Many apps and programs claim to be able to understand you and are at least capable of engaging in superficial interactions. Spend long enough talking to one of these programs, however, and you’ll no doubt see the hallmarks of imperfectly reproduced natural language. That technology has not yet caught up to the complexities of natural language is no surprise.
According to Gamalon founder Ben Vigoda, a fifteen-word sentence can express something like ten billion ideas. In his talk at ODSC East 2018, Vigoda identifies the necessity of building better, new era of NLP functions to accurately process free-form text: business already receive far more unstructured language-data than they can process, and the amount is only going to keep growing. As Vigoda puts it, “we need an interface between us and that data volume of messages…no way for institutions to handle all their incoming natural language data.”
Beyond Deep Learning
Current training models rely on Pavlovian conditioning, but Vigoda notes that this kind of training is not analogous to human language-learning: “You can’t just teach a system complex ideas by giving it stimulus, showing it a response, and training it to give that response.”

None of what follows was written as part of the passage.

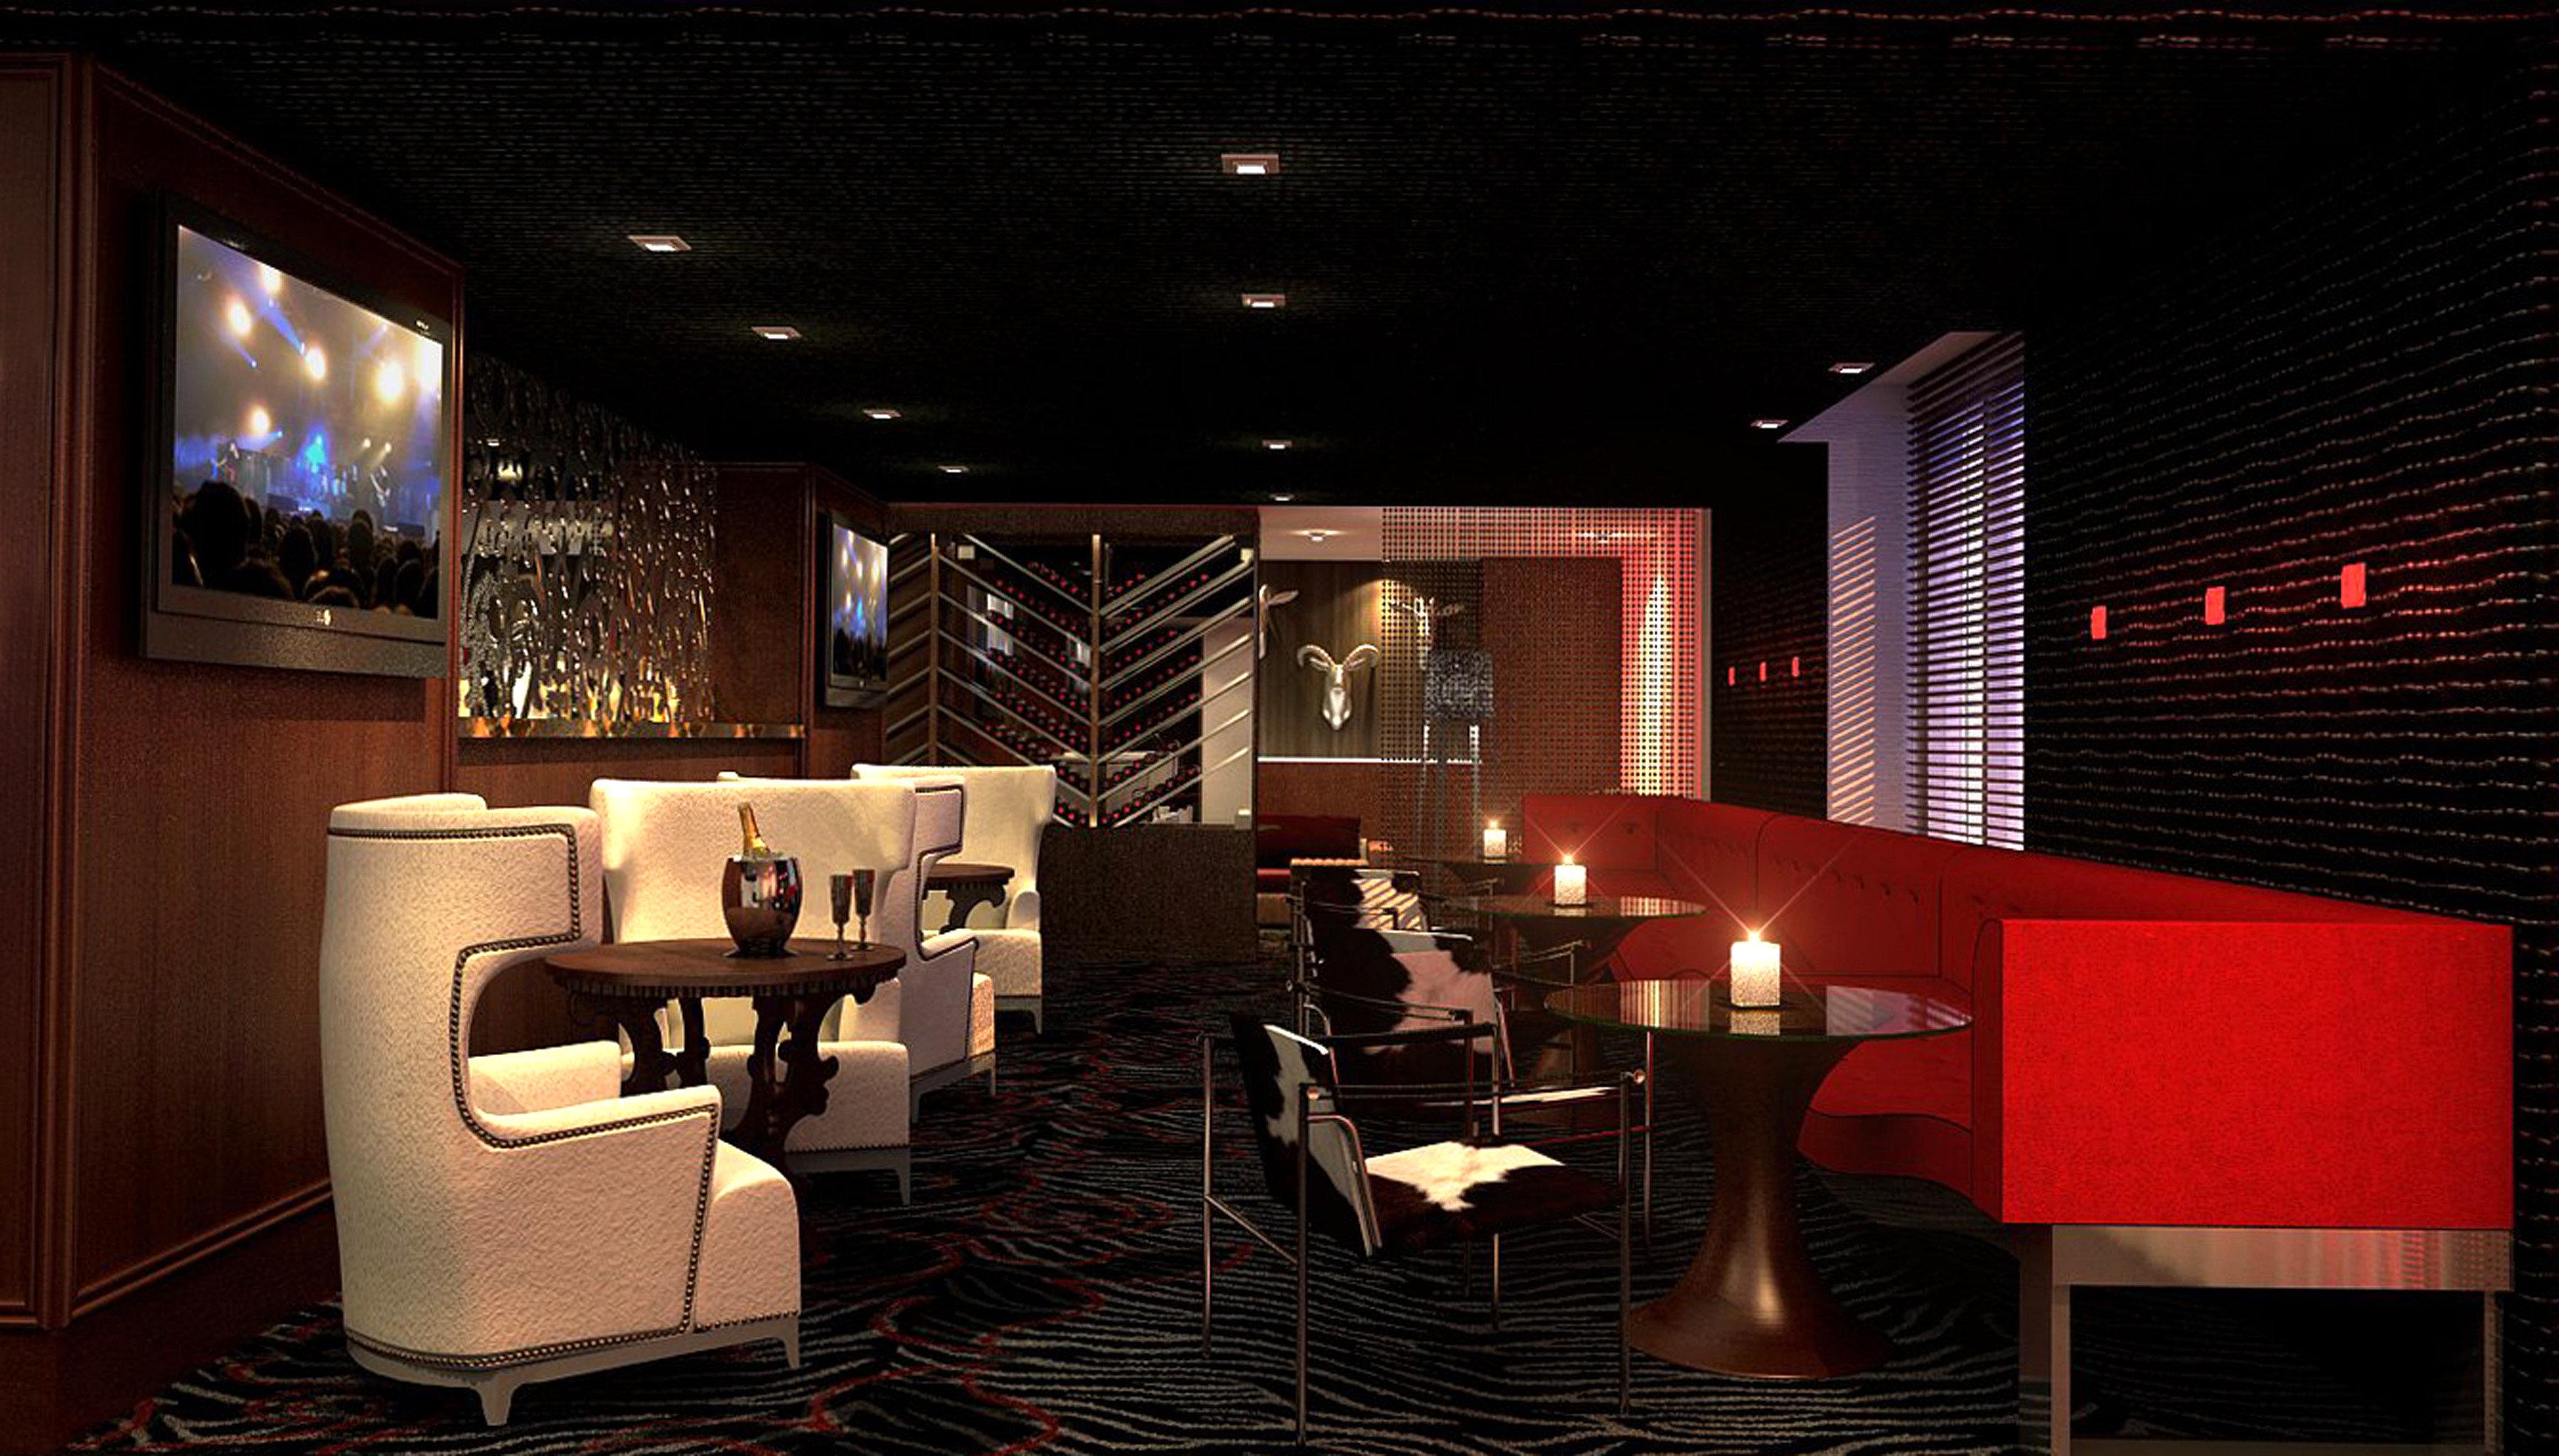 Bar City Drink Modern Lobby lighting living room theatre night

Relying on deep-learning systems that utilize this kind of training results in systems that are capable only of a shallow level of interpretation. Even when the level of interface requires nothing more than the recognition of a few keywords, current models typically rely on time-consuming, labor-intensive training processes, with an end result that is, per Vigoda, never more than 65% accurate or capable of responding to questions outside of a limited amount of prompts. The typical idea-trees used by voice recognition systems are easily confused and are prone to repeat themselves or return to menus when confronted with an unfamiliar idea.
A Model for the New Era of NLP
In creating his product at Gamelon, Vigoda decided to move away from the neural networks that had dominated the sphere of NLP. Instead, he and his team began experimenting with machine learning. Their system relies on Occam’s razor to demystify unstructured data and relies on only a few training models built by their team of data scientists. The results have been revelatory: “One person teaches the model, not thousands; one processor, not a server farm; a handful of training examples per object instead of thousands, hours to train instead of days or months.” Essentially, the system “backsolves” from the unstructured data and fits it to the given model.
Going forward, Vigoda hopes that language processing models will work collaboratively, sharing their idea trees with one another to build more accurate and realistic models for language processing. The billions of possible permutations available to humans are too much for any one company or team to account for in a single model, but massive amounts of unstructured data will make automation of language-processing tasks a necessity.